Homelessness Standstill in California: Why We Can’t Get Out



Homelessness Standstill in California: Why We Can’t Get Out

According to the White House Council on Economic Advisors, homelessness is a “serious problem” caused by decades of misguided and faulty policies. In California, the epidemic persists, despite new taxes, new legislation, and increasing national attention. Why can’t we come together and solve the problem?

Politics at play

In California the scenario plays out like this. In addressing the issue, Ben Carson visits Los Angeles and acknowledges that people are suffering, and something must be done. People applaud, it makes headlines, and Trump boasts. Mixed in with the applause and news articles is the real message that Carson and most of our elected officials want us to know: “It is not the government’s responsibility to fix this problem.”

Carson seems to weave this message in every time he speaks about the homelessness epidemic. And the actions clearly support that message, as the overall budget is net down since Trump took office. See 4 Reasons the Script on Ending Homelessness Needs to Be Rewritten.

Even the budget to care for our veterans remains flat. While we all want our troops to be removed from harm’s way, we seem to fall short when it comes to what happens to them when they come home. Many of them end up on the streets due to untreated mental illness, including PTSD.

Trump pays a visit to Los Angeles and calls the city a disgrace. He shames it and all of its officials and people. His solution? Reject calls for funding and put it back on the state — a state government that he hates because many of California’s elected officials continue to play that hate, self-pity and victim card toward the president and our country.

What an example we have here, where hate is exchanged for hate and all the while the number of people living on the streets (many without shelter) is growing, along with the death toll which is expected to reach 1,000 people in LA this year — greater than the homicide rate in our nation’s second largest city.

California Gov. Gavin Newsom now proposes to declare a state of emergency in California and quickly approve more legislation that had probably been sitting on his predecessors’ desk for the last two terms. Voters already approved $1.2 billion for proposition HHH in 2016. The money hasn’t been spent as there were too many laws and environmental reviews in the way. It has taken nearly three years for a governor in this state to take action on legislation that was blocking this. Yet, California has accepted the additional tax revenues since 2016.

According to the LA Times, LA County claimed it took almost 22,000 people off the streets in 2018. In the last two and a half years only 477 emergency shelter beds have been added, even though an emergency shelter crisis was declared in 2018. However, the incomplete and inaccurate count shows the homeless numbers on the rise. In LA County, the politician’s debate about whether to build more public bathrooms at an estimated cost of around $385,000 each.

In San Francisco, the city spent nearly $2 billion for permanent and supportive housing (2004–2014) and now the streets are in decay with major outbreaks of Hepatitis A, typhoid and typhus around street encampments (San Francisco, Hostage to the Homeless, City Journal). Today, in San Francisco, a unit of affordable housing costs between $600,000 and $800,000 and building houses for all the homeless would run about $6.4 billion. Many drug courts have been closed with judges refusing to sentence offenders to jail time for fear of overcrowding the jail system.

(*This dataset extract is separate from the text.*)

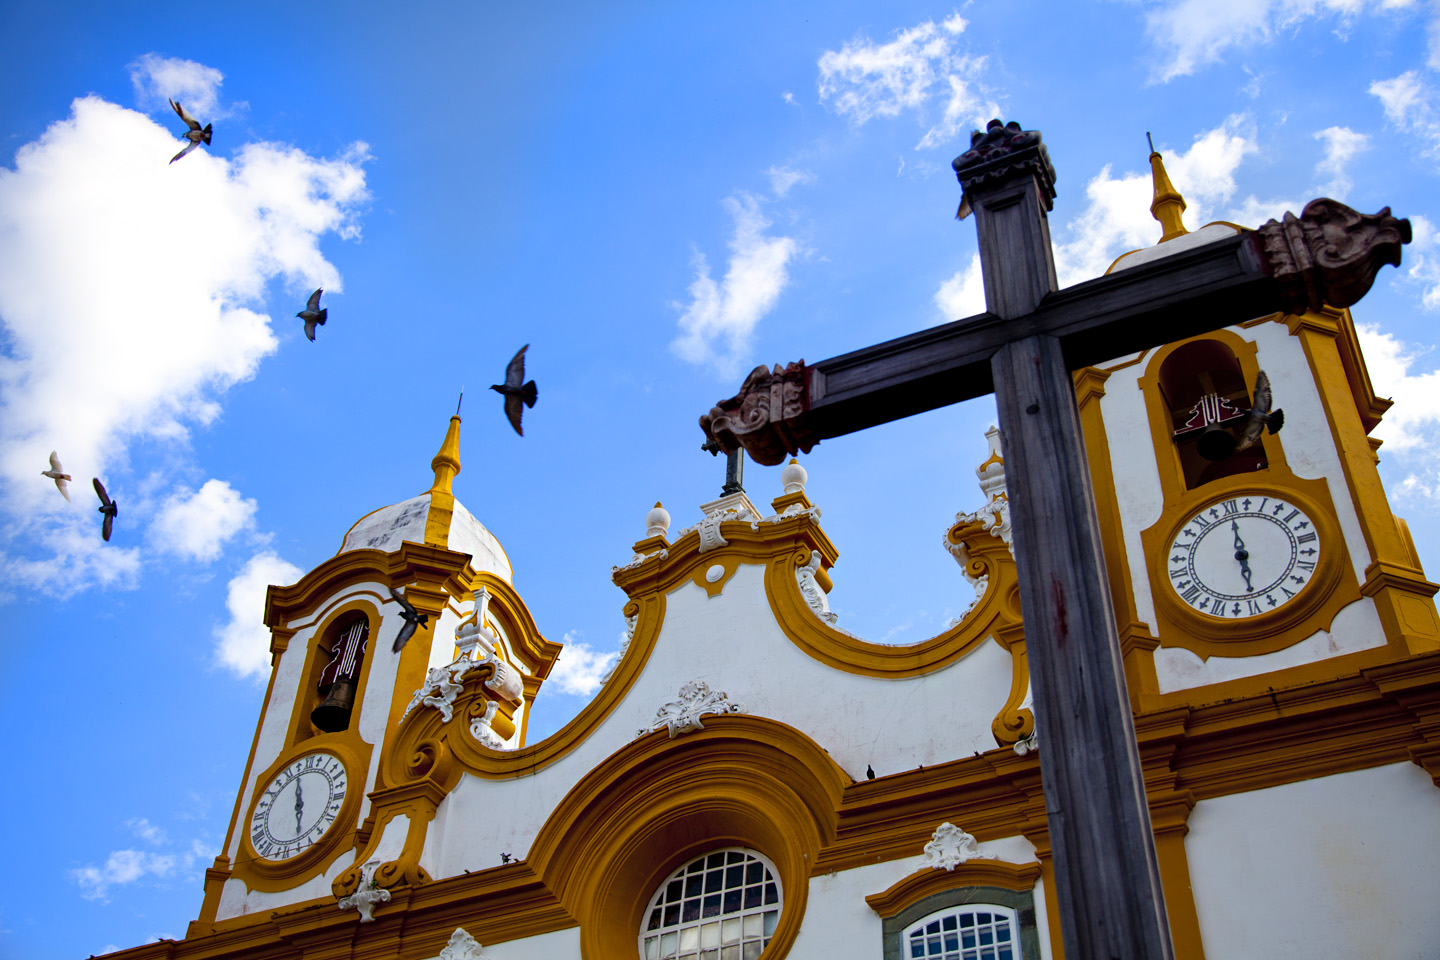 A robustez e as cores do barroco marcam a fachada da Igreja Matriz de Santo Antônio, em Tiradentes, Minas Gerais (Foto: Antonio Thomás Koenigkam Oliveira)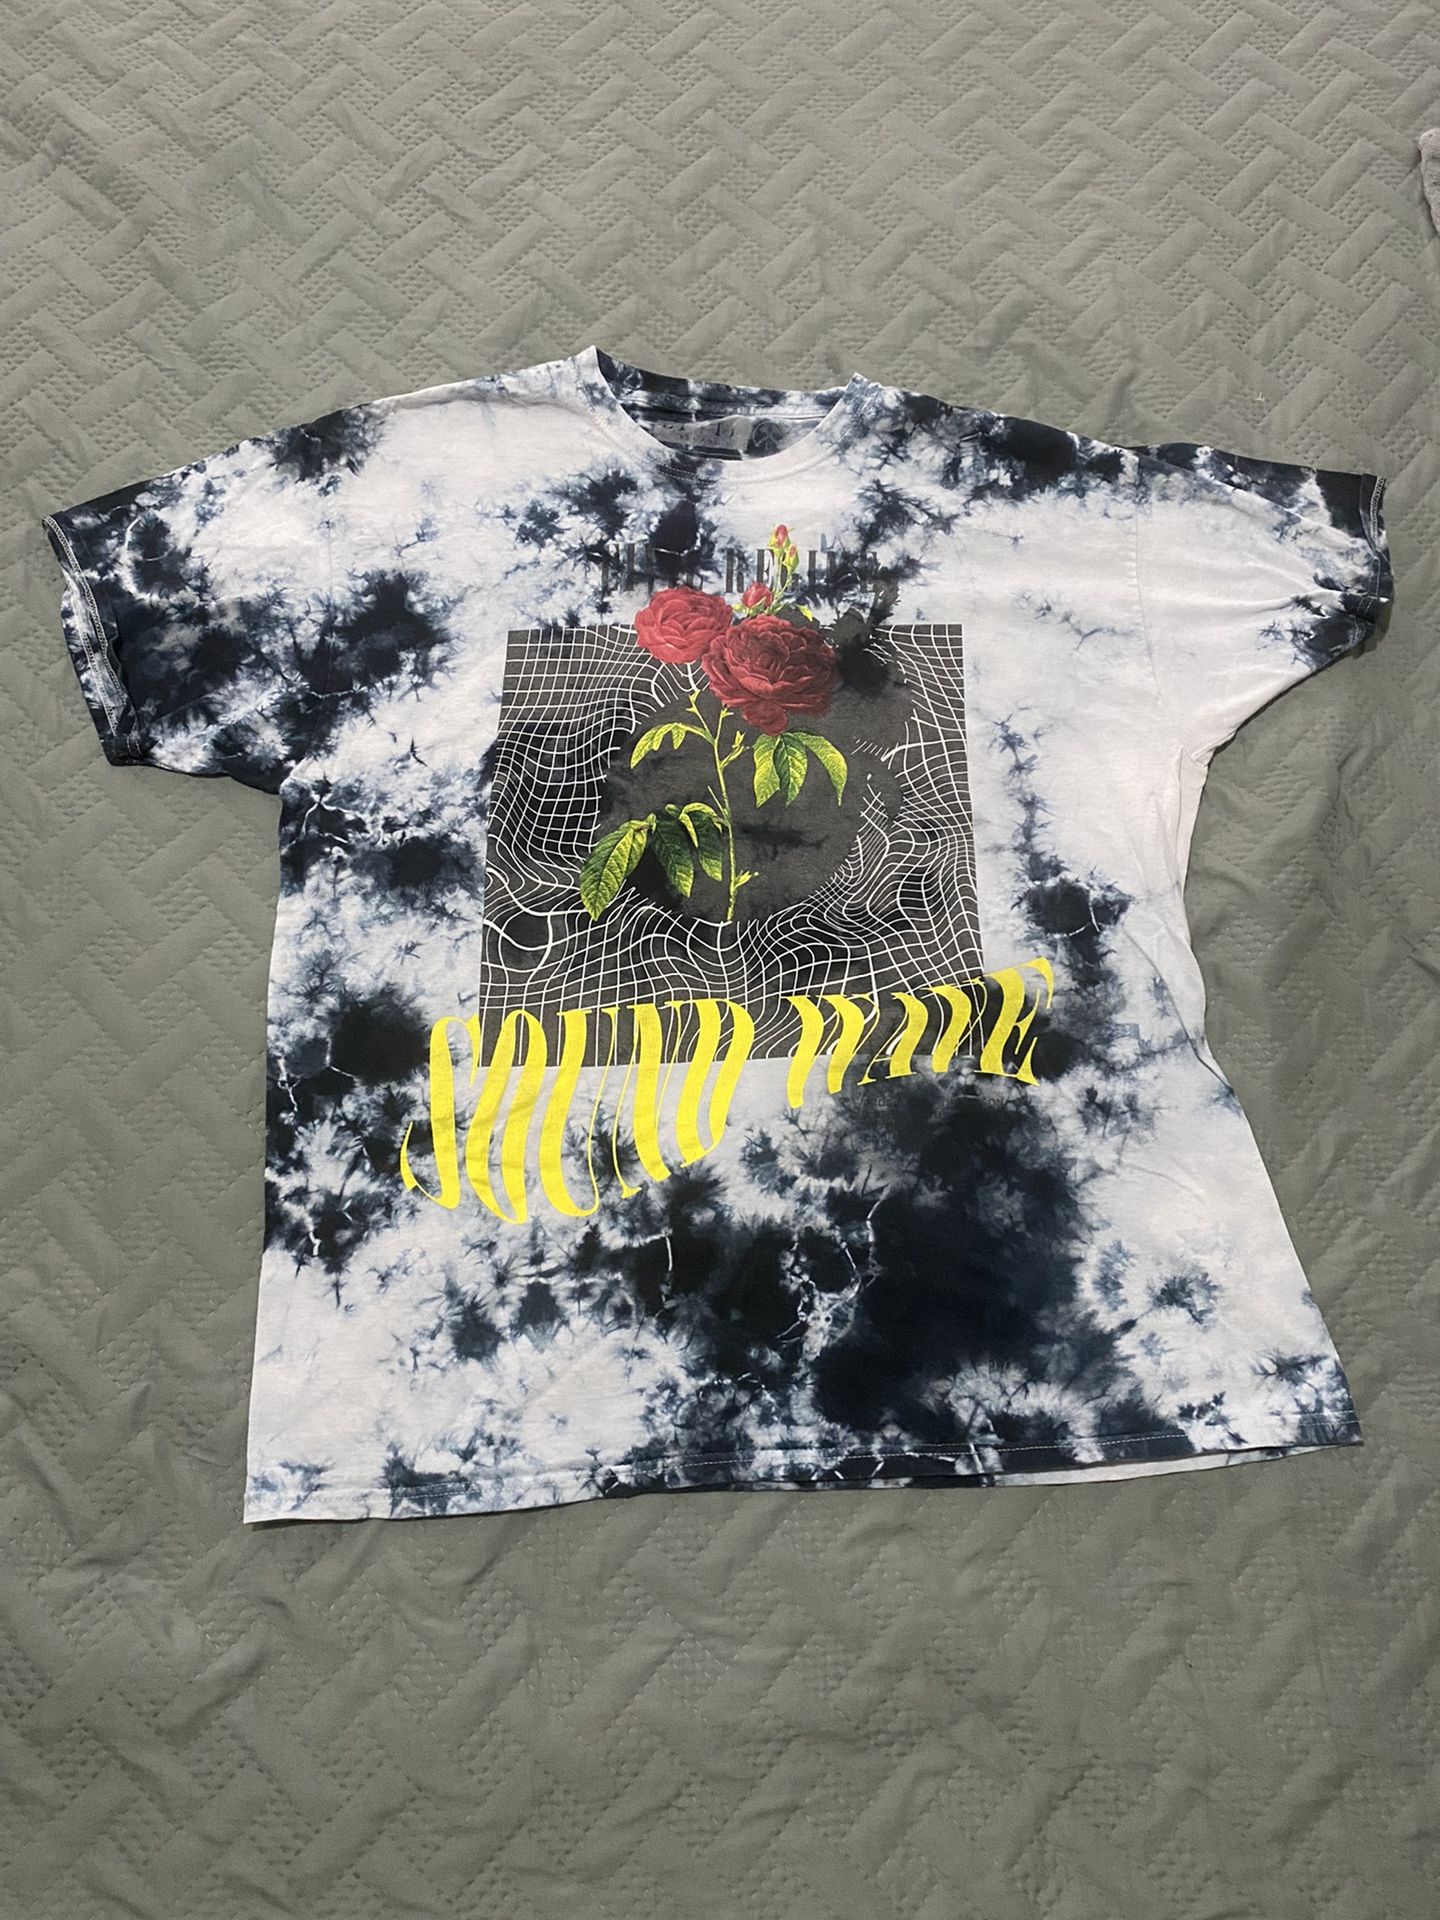 Civil Regime Tye Dye Sound Wave XL Shirt

And with Proposition 47 voted in for California in 2014, the police are rendered nearly powerless as many drug-related crimes do not carry the weight of a felony anymore (i.e., possession under $950 value). So, at a street price of $20 per packet of fentanyl, a dealer can make 47 transactions that could kill 47 people and it’s not a felony! The drug dealers, with the politicians’ assistance, have laid siege to this city (San Francisco) and have kept many homeless addicts disincentivized to seek proper treatment and care. The cost of drugs such as fentanyl remains cheap; however, a small dosage remains lethal.

Bipartisanship no longer exists in this country with the two main parties operating from a place of fear, hate, and resentment. They all proclaim they are for the greater good for all us. But when it comes to this nationwide crisis that just doesn’t hold true.

According to worldwide data, in Ukraine, about 1 million people per night are homeless. In the US, that number is about 550,000. Considering Ukraine’s average monthly income of $200, limited aid, corruption, and a failing economy, one could understand its bleak situation. Why does the US have any homeless at all with the world’s largest economy? The 2019 budget for HUD is $44.1 billion, which is still lower than it was a few years ago. SAMSHA and programs for veterans remain flat.

Meanwhile, back on the streets…

The problem lives on. On any given day in California, almost 130,000 people experience homelessness.Single moms are increasingly at risk. We have to put politics aside and get serious about solutions (like these 5 radical ideas). We have to accept that we all have a responsibility to look out for each other. Lives are at risk. We have to do better and that includes our government.